Patronizing the Arts

As a young writer, I wanted a patron: someone who would pay my way in exchange for the creativity I would then offer up to bless the world.

Reality can be a pain.

I was horrified to learn there are so few patrons these days.

Great, classical authors had patrons. Painters had patrons. But there was no patron for me.

Reality is changing. In our modern world, anyone can be a patron of the arts. Many of us already are, without realizing it.

If you buy books, traditionally published books, you’re paying the publishing industry. You’re actually supporting a whole slew of jobs, but only a tiny fraction of the cost of the book actually makes it back to an author. That number is probably around 10%. (May be less, may be slightly more, but that’s a good comparison number.)

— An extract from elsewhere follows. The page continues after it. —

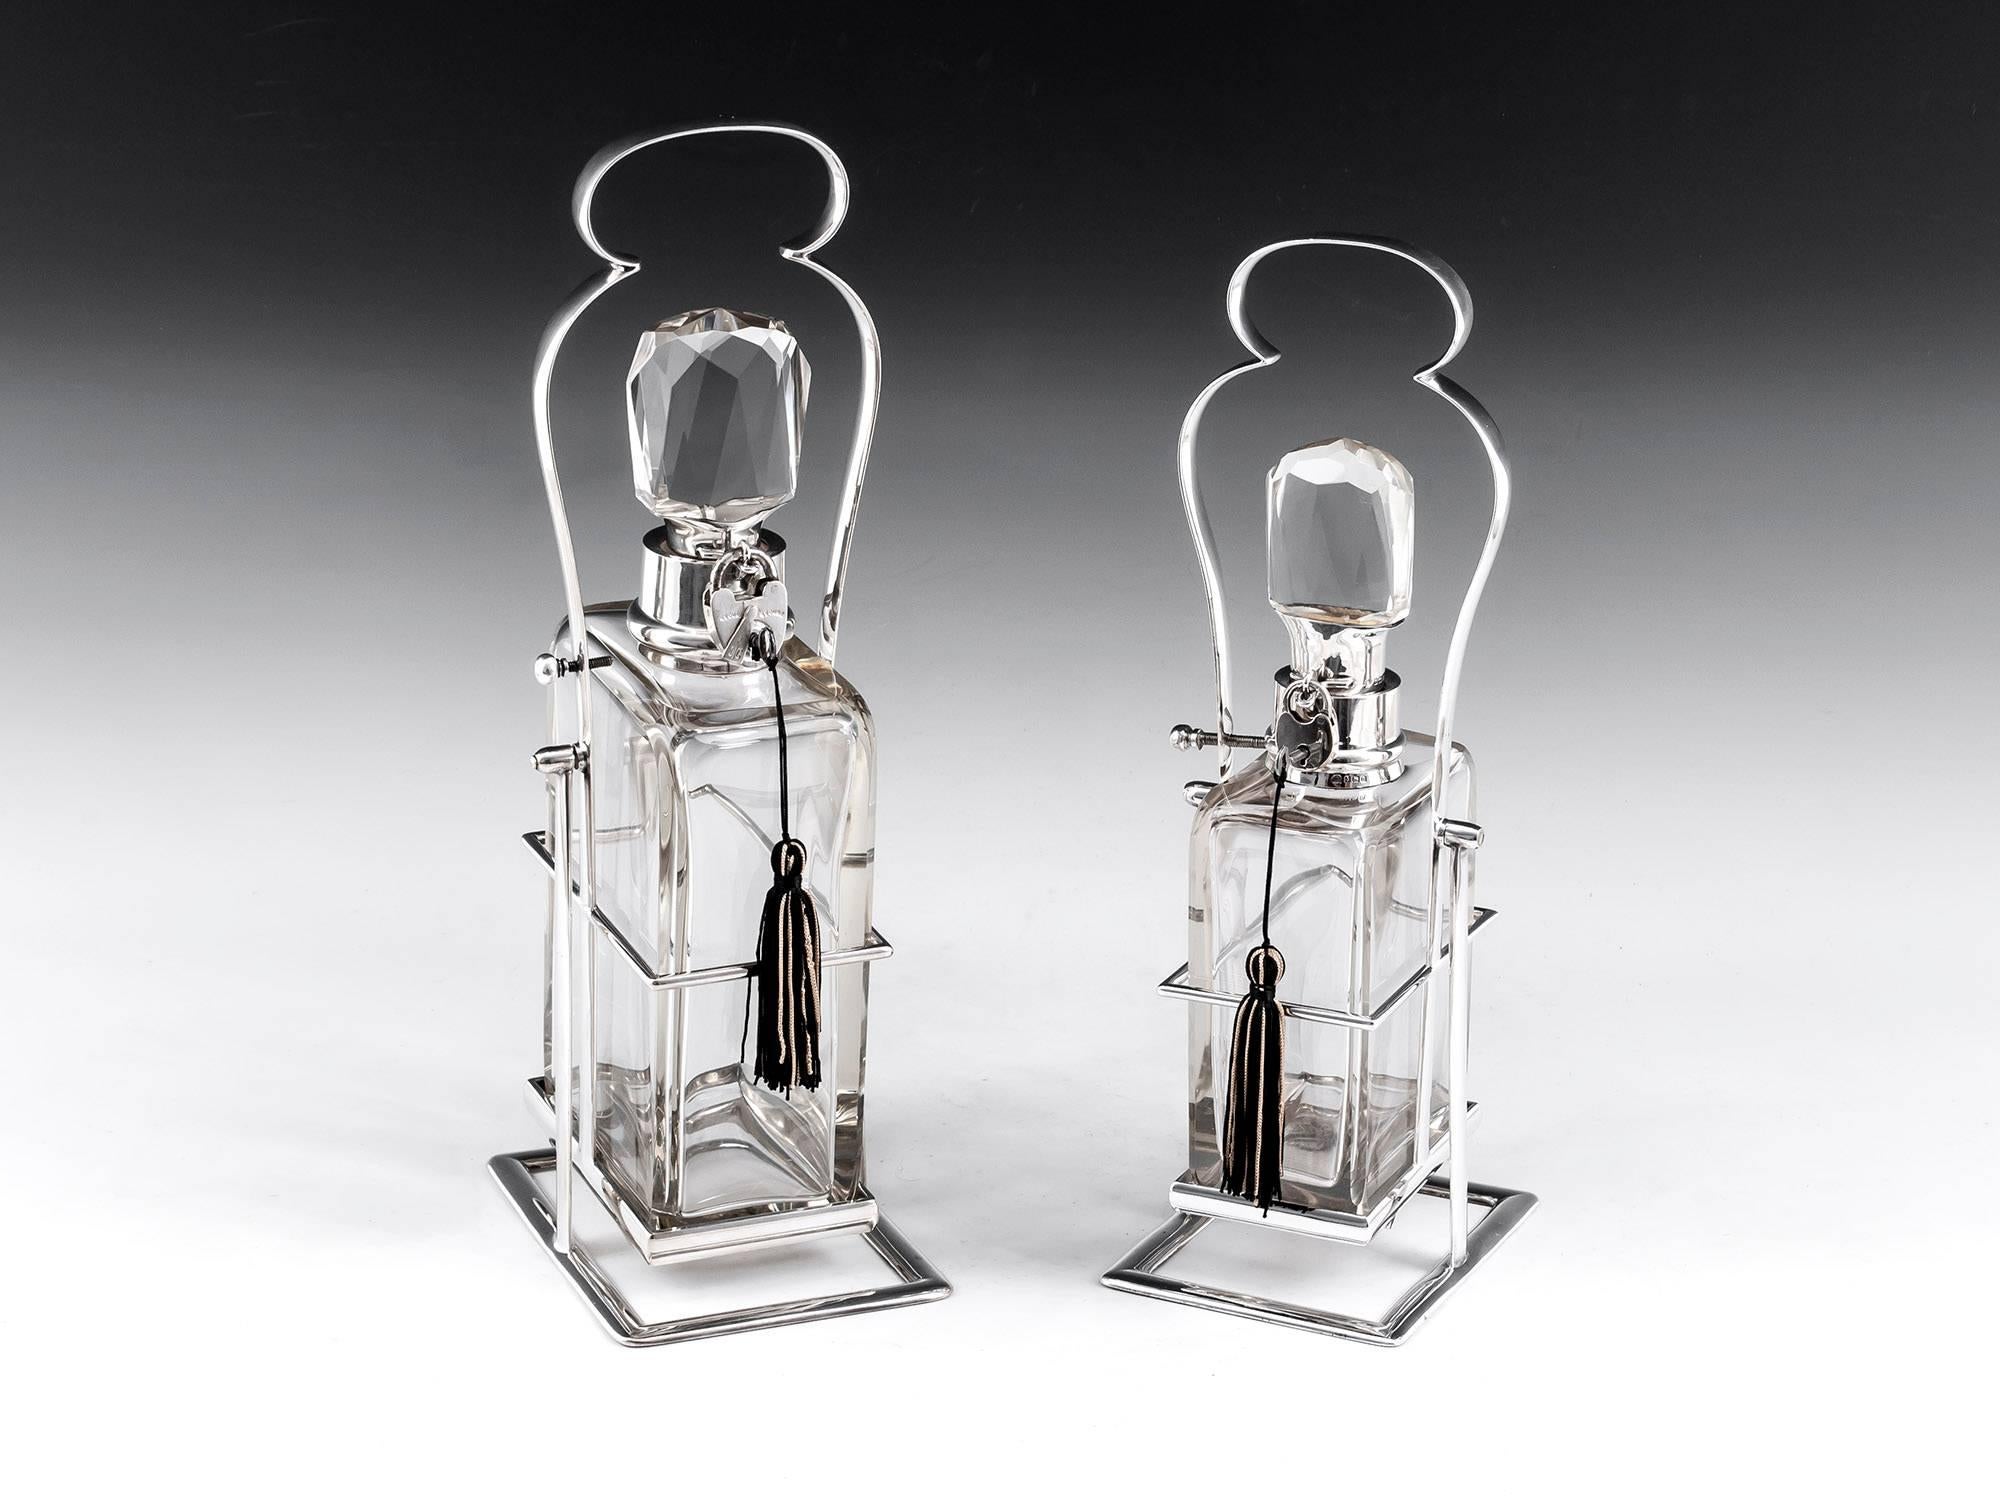 Rare pair of stylish Hukin & Heath decanters within their own carrying frames. The smaller is hallmarked Birmingham 1912 Hukin & Heath on the neck and stopper, the larger hallmarked Birmingham 1910. The fabulous frames have registered design stamps,
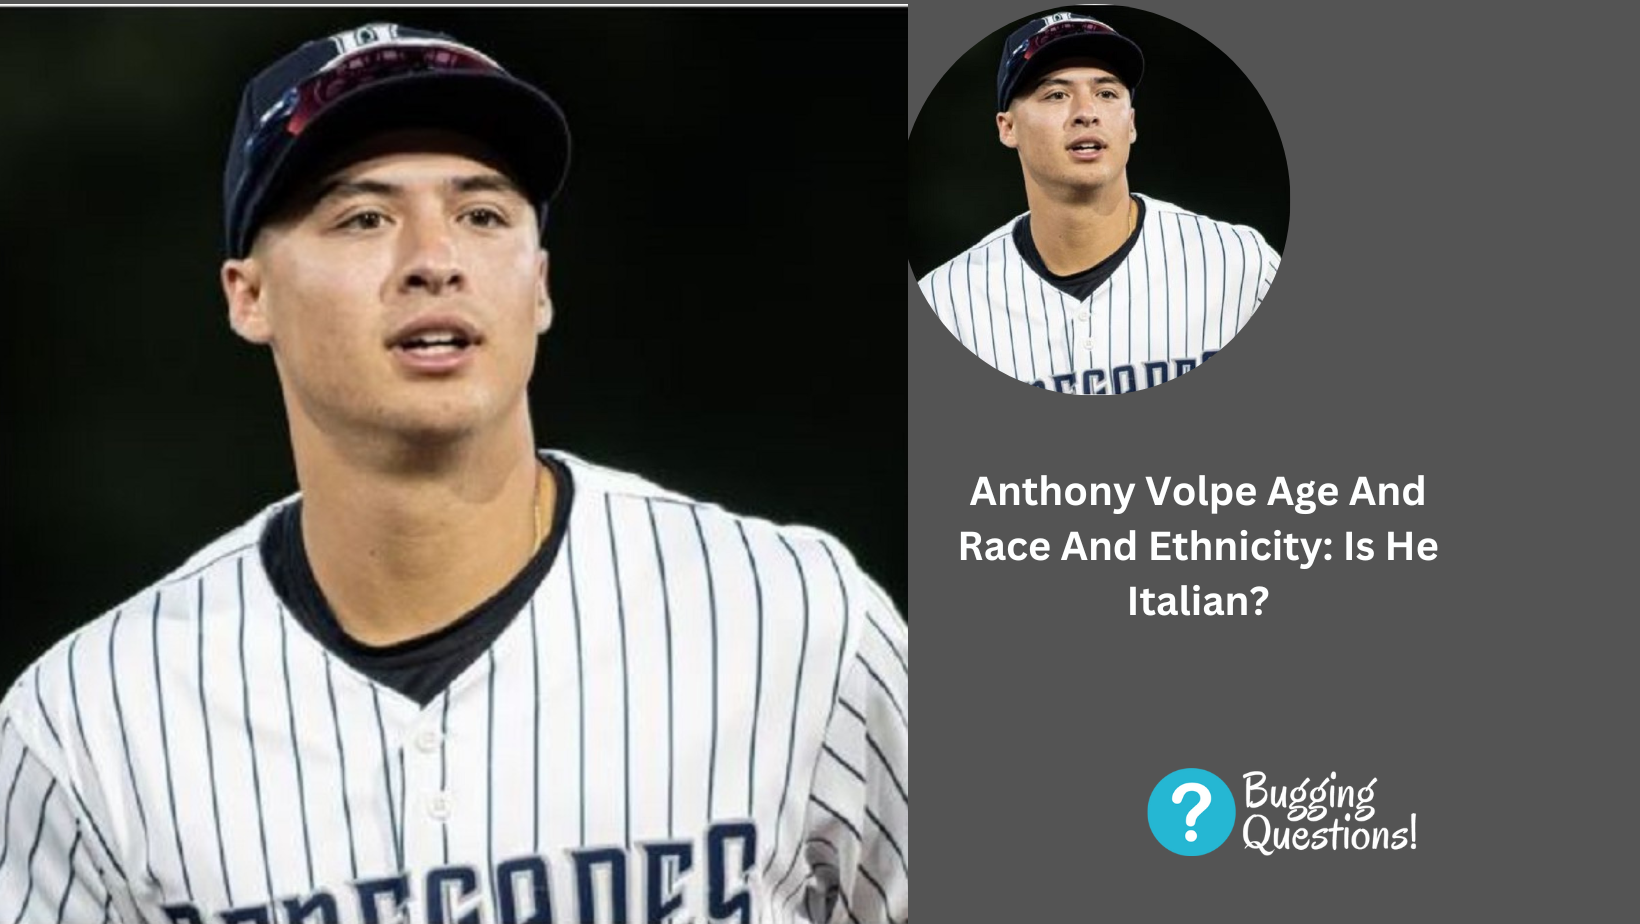 Anthony Volpe Age And Race And Ethnicity: Is He Italian?

If you buy a book from an independent author, that author will likely receive around 60% to 70% of what you pay. (The printer and distributor like Amazon, Apple, Barnes & Noble, etc. will take their cut.) That’s a huge difference.

In the modern indie publishing environment, that’s the difference between a writer working as a plumber in order to live and being able to write full-time. More and more indie authors are able to support themselves off of the profit from their books. That means they can write more books, improve their craft, and provide you with a higher quality of entertainment.

As a bonus, these indie authors are able to explore a wider range of topics than traditionally published authors.

So, become a patron. Whenever possible, buy your books from indie authors.

How can you find them?

If you’re using an e-reader, look in your marketplace for books priced $5 or less. There’s no guarantee that these are indies, but most of them will be. Yes, that means you can read these books for less money than you can buy from a traditional publisher.

Any of the books I publish qualify as indie books. These authors receive 90% of the profits from each sale. I’m working on getting a good variety of books: poetry, fiction, memoirs.

Search for “Independent Authors” in your search-engine of choice. You may have to buy these books on-line. If you can buy them in a bookstore, consider asking your local independent bookstore to consider carrying your favorites. (Not all independent authors have set up the distributor relationship that allows this. Heart Ally Books authors have.) If you buy from your local bookstore, you’ll be supporting them as well.

Become a patron. Enjoy the benefits: new voices, creative approaches, entertainment that you enjoy. If you buy a hard-copy, don’t forget to request an autographed bookplate from the author. You will have shelf of books that you can look at and know you’ve helped support those writers.